▸ **DATASET EXCERPT**:
_ _ _ _ _

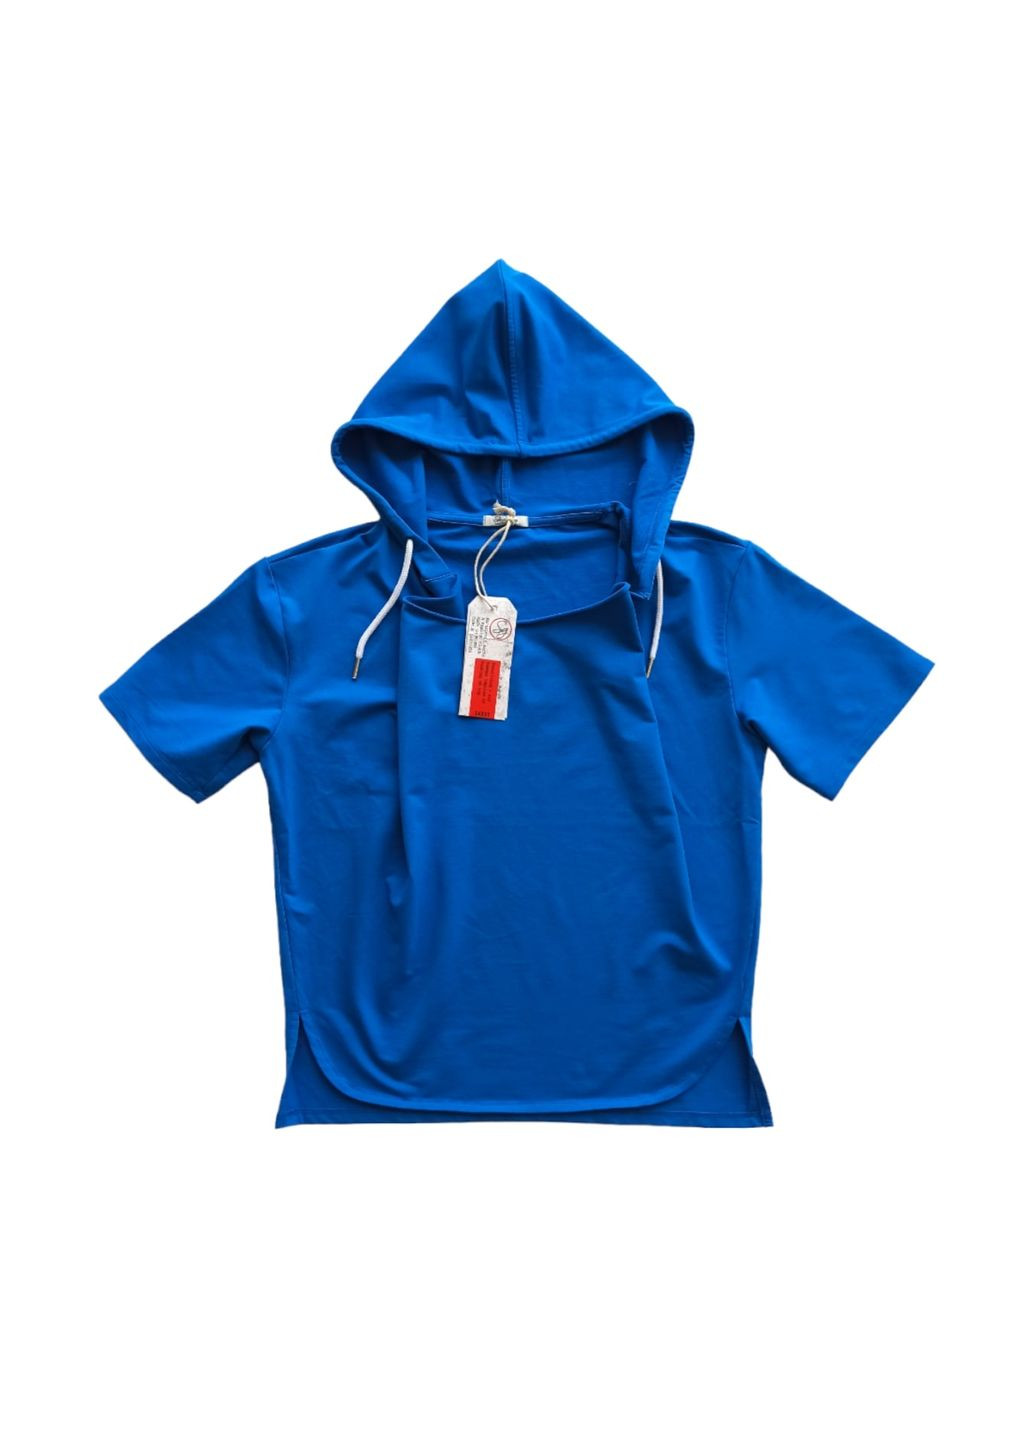 Синяя демисезонная футболка с капюшоном тощи sg5673 голубая синяя (146 см) Street Gang
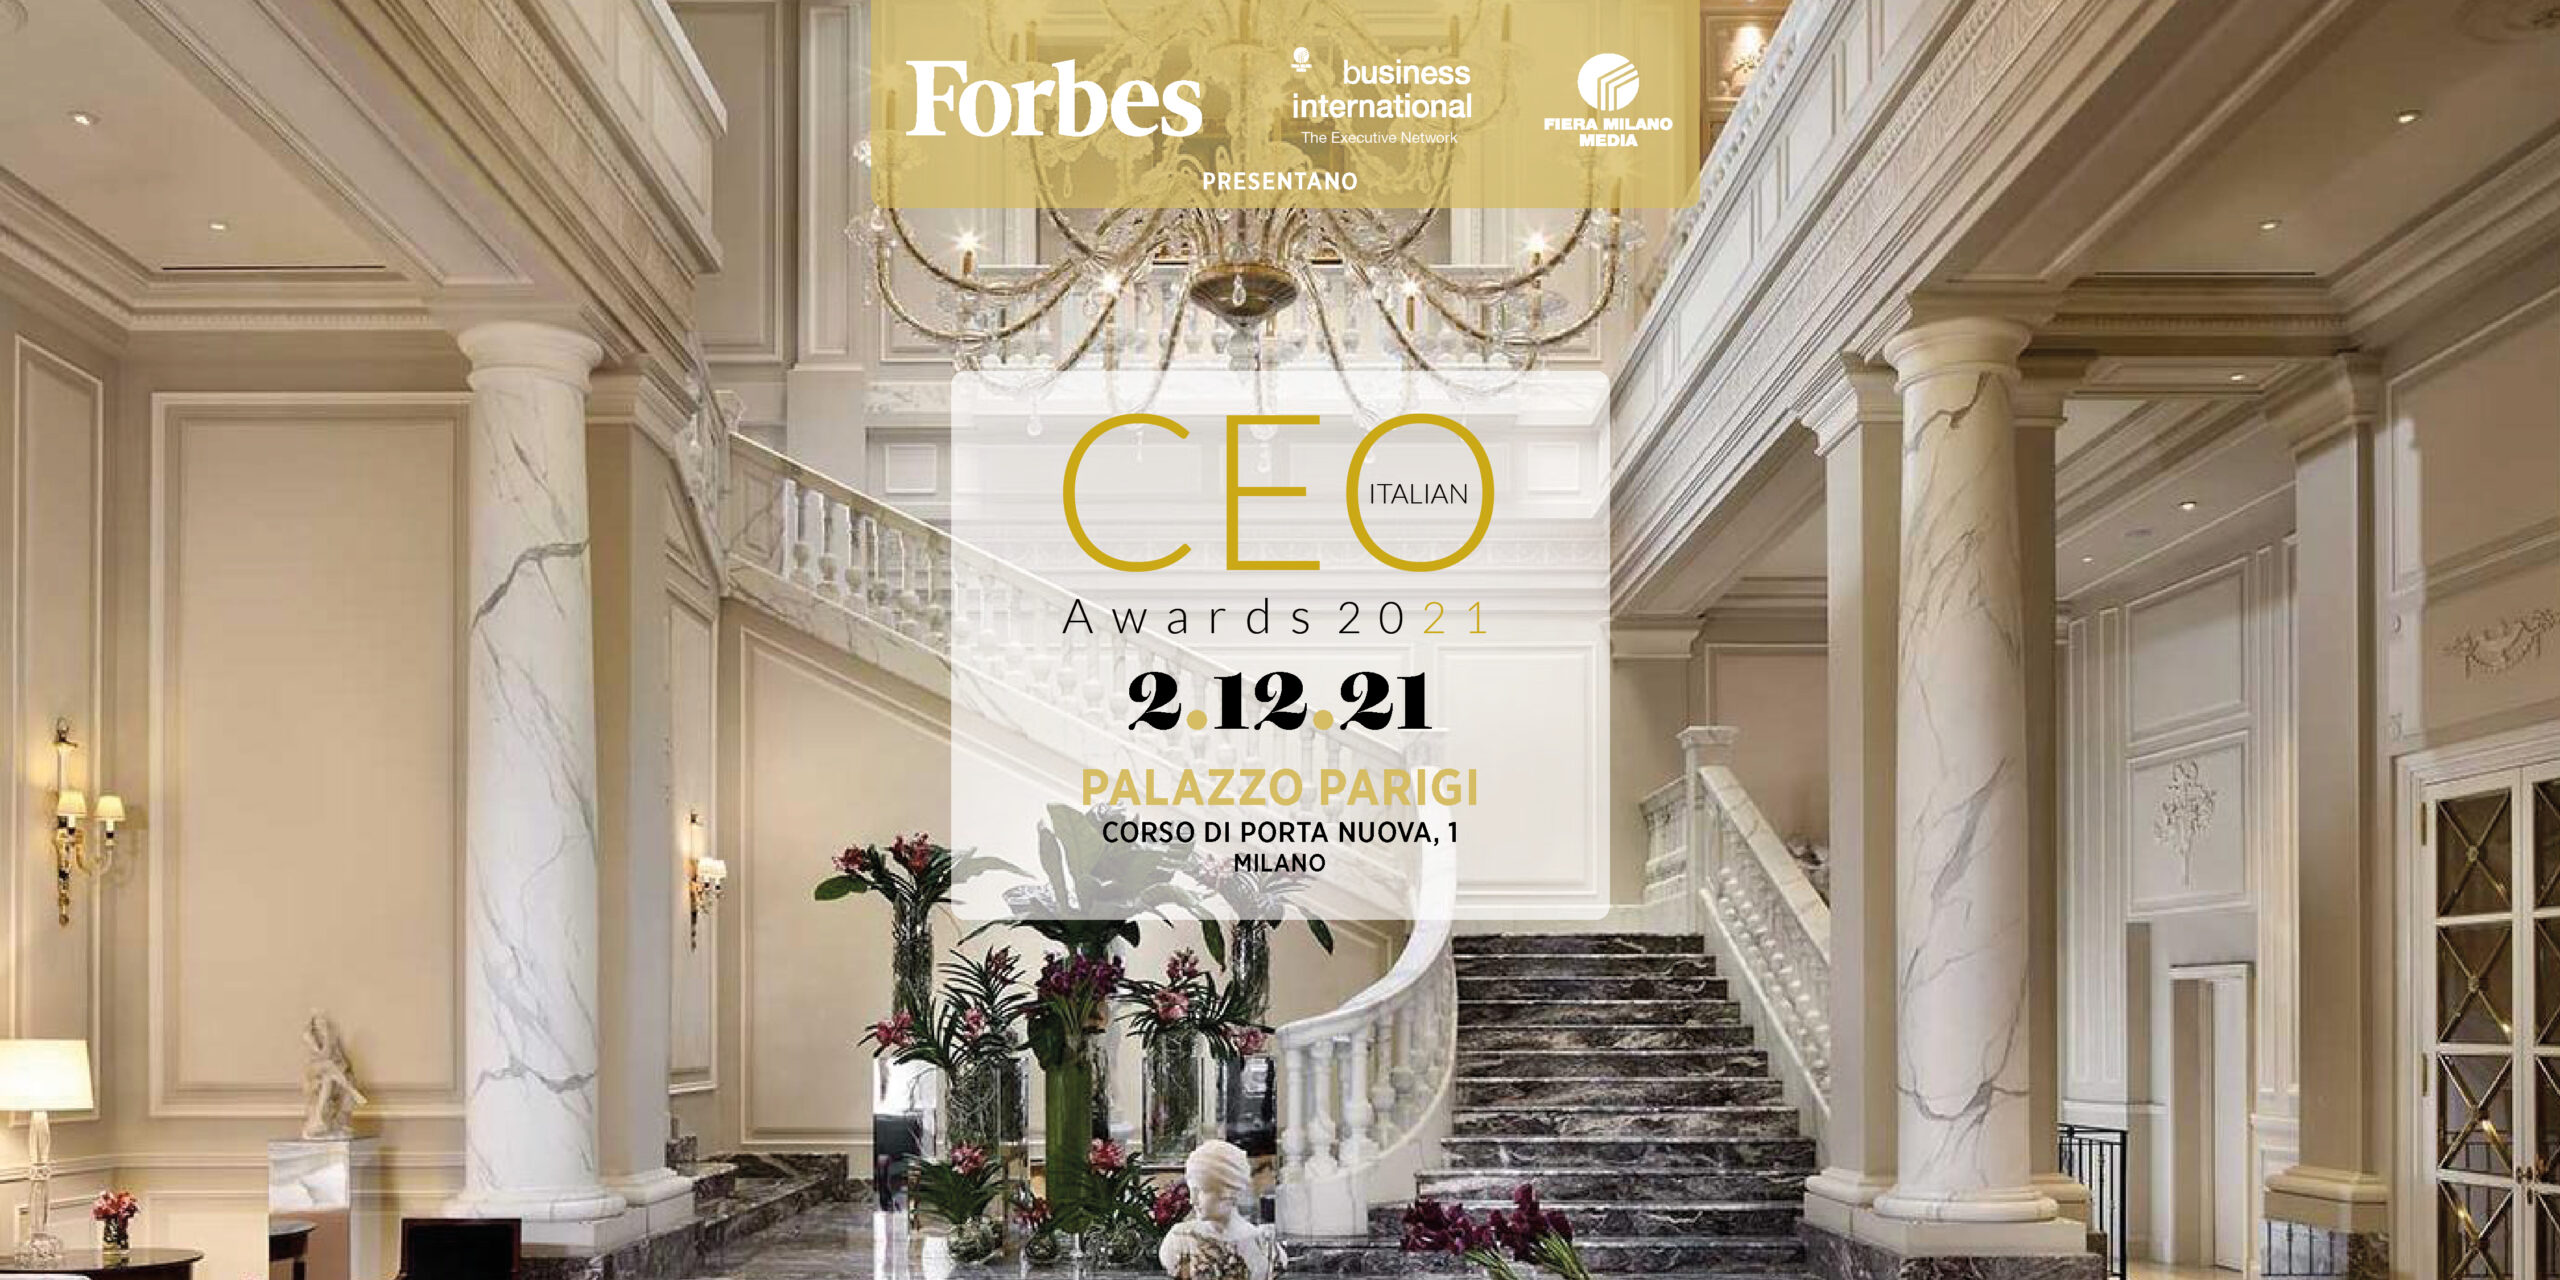 Forbes Ceo Italian Awards 2021
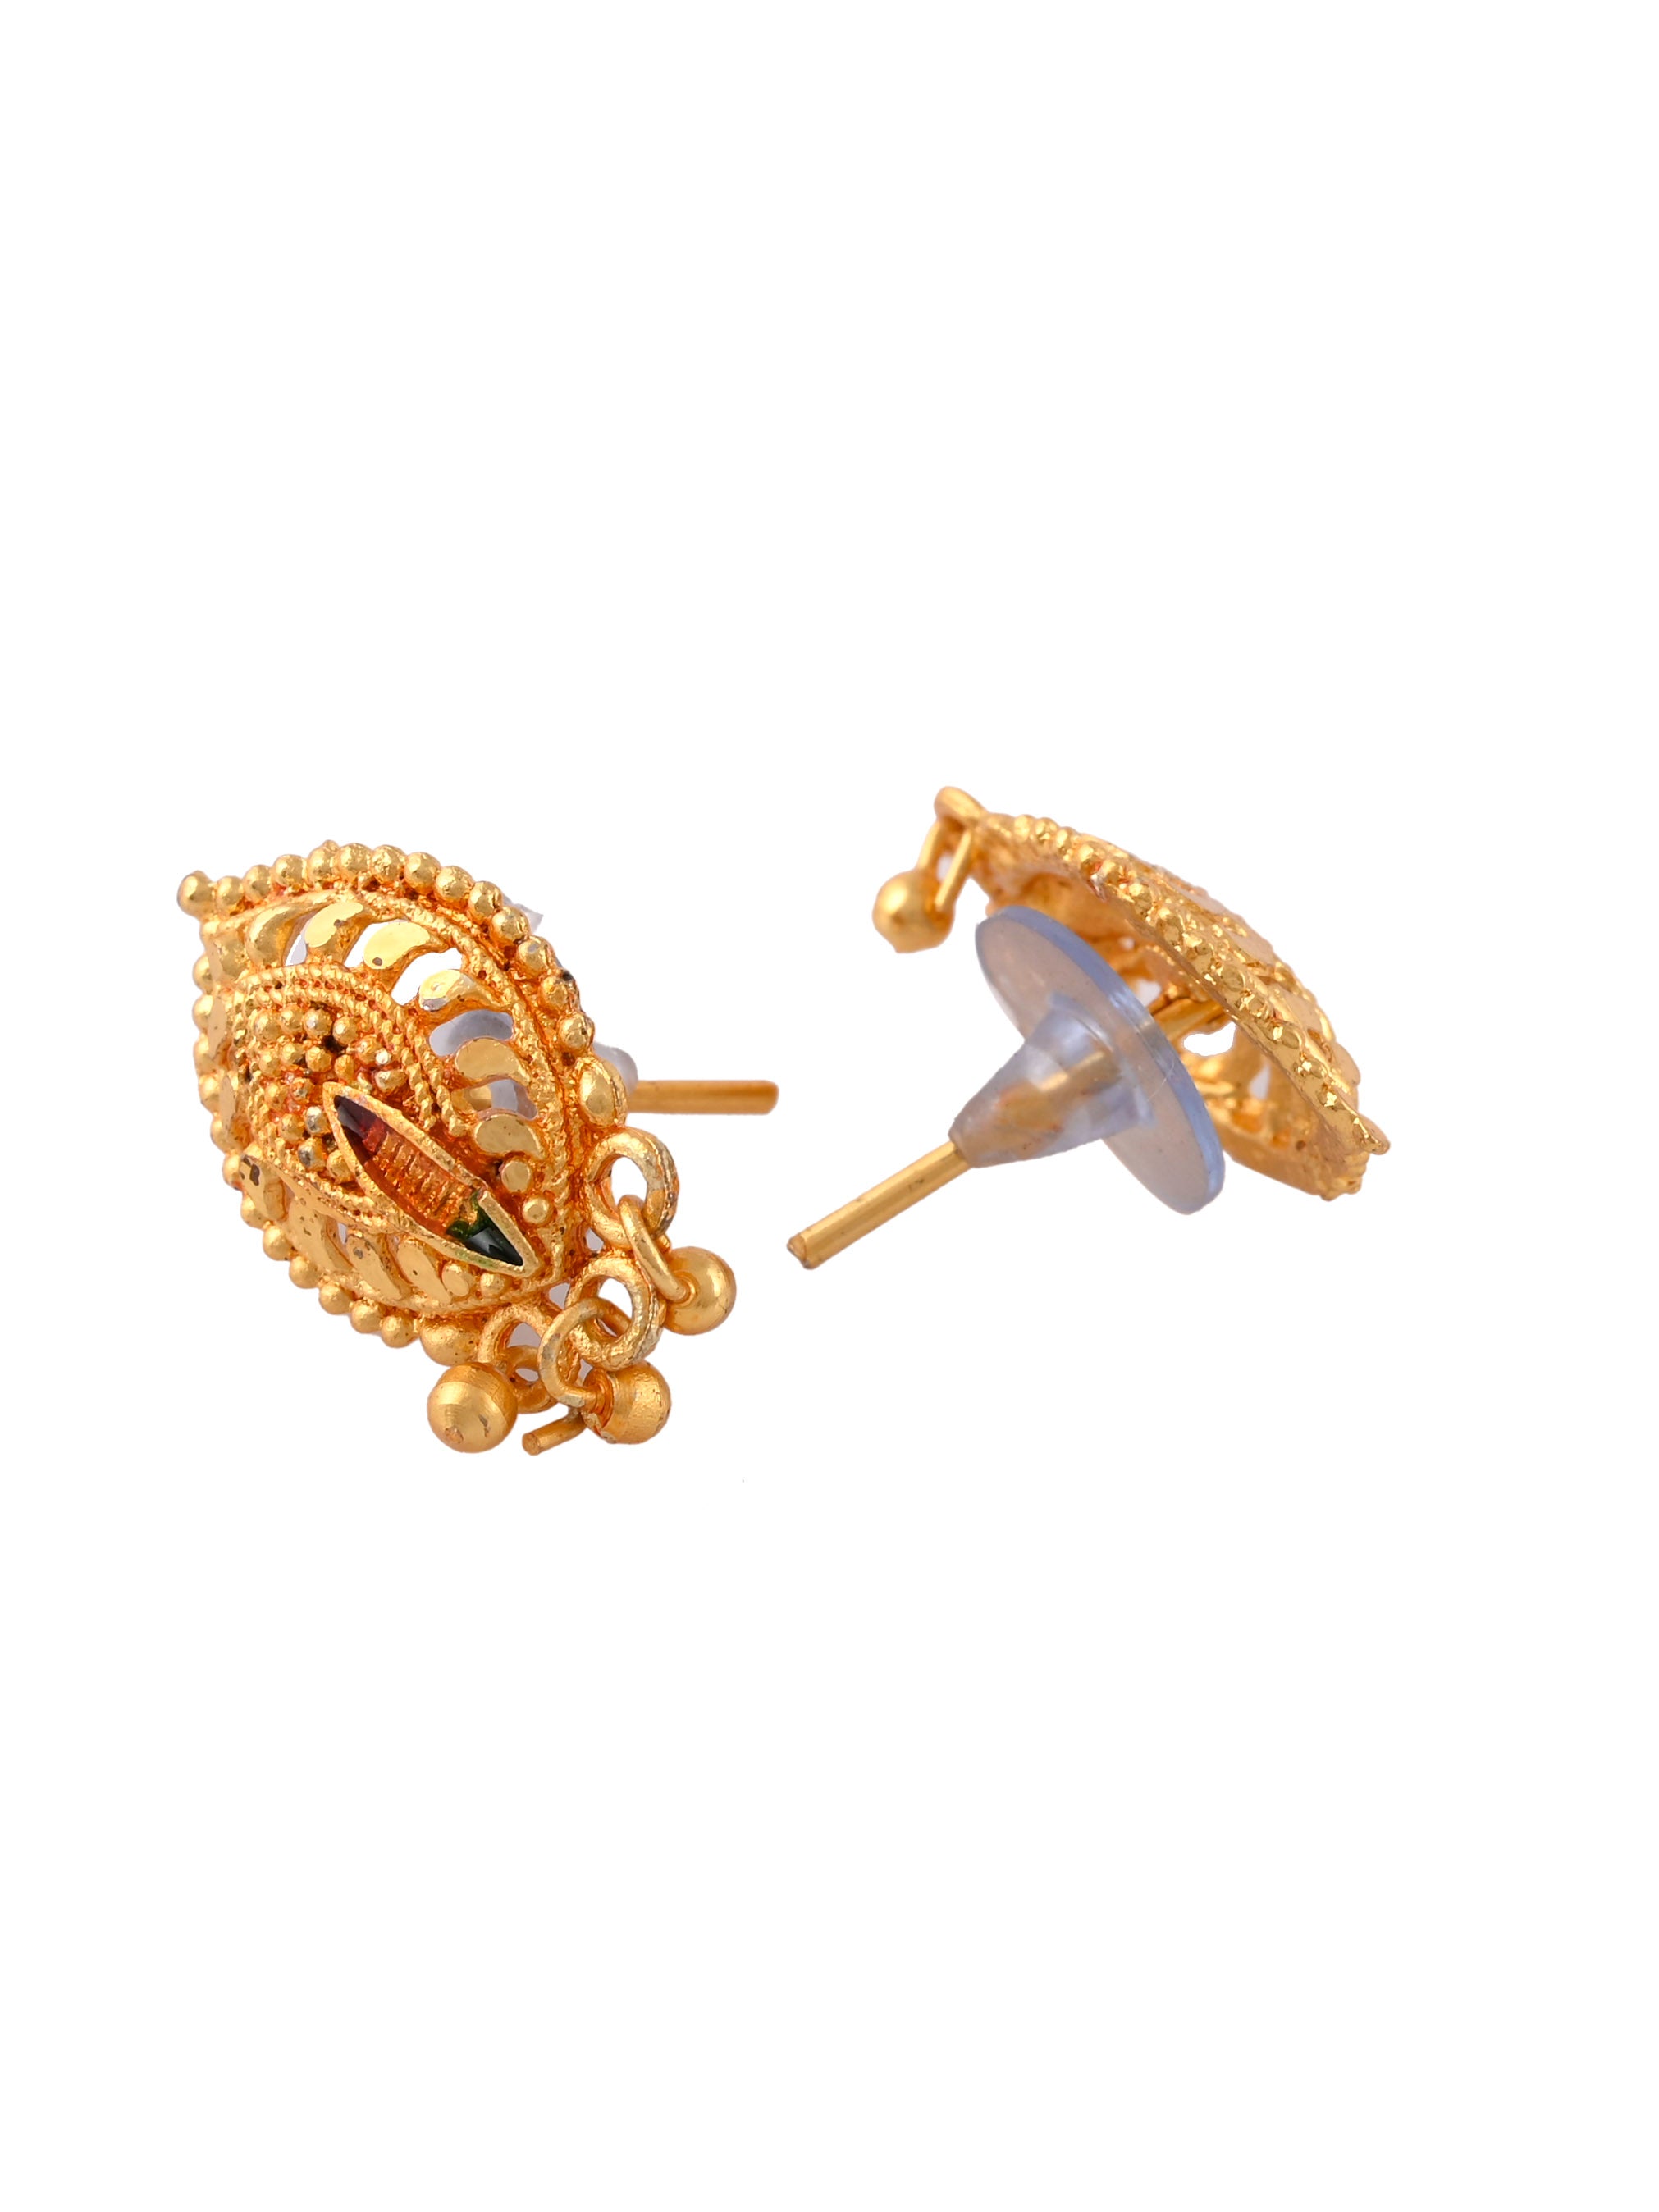 Long Gold Earrings Design Latest   Jhumka Earrings Design  Tops  Stud   Chandbali Gold Earrings  YouTube

_ _ _ _ _

▸ **EXERCISE REQUIREMENTS**:
Take the listing above and retype it exactly. Its pictures are to be omitted.

▸ **EXPECTED OUTPUT**:
 Синяя демисезонная футболка с капюшоном тощи sg5673 голубая синяя (146 см) Street Gang
 Forbes Ceo Italian Awards 2021
 Long Gold Earrings Design Latest   Jhumka Earrings Design  Tops  Stud   Chandbali Gold Earrings  YouTube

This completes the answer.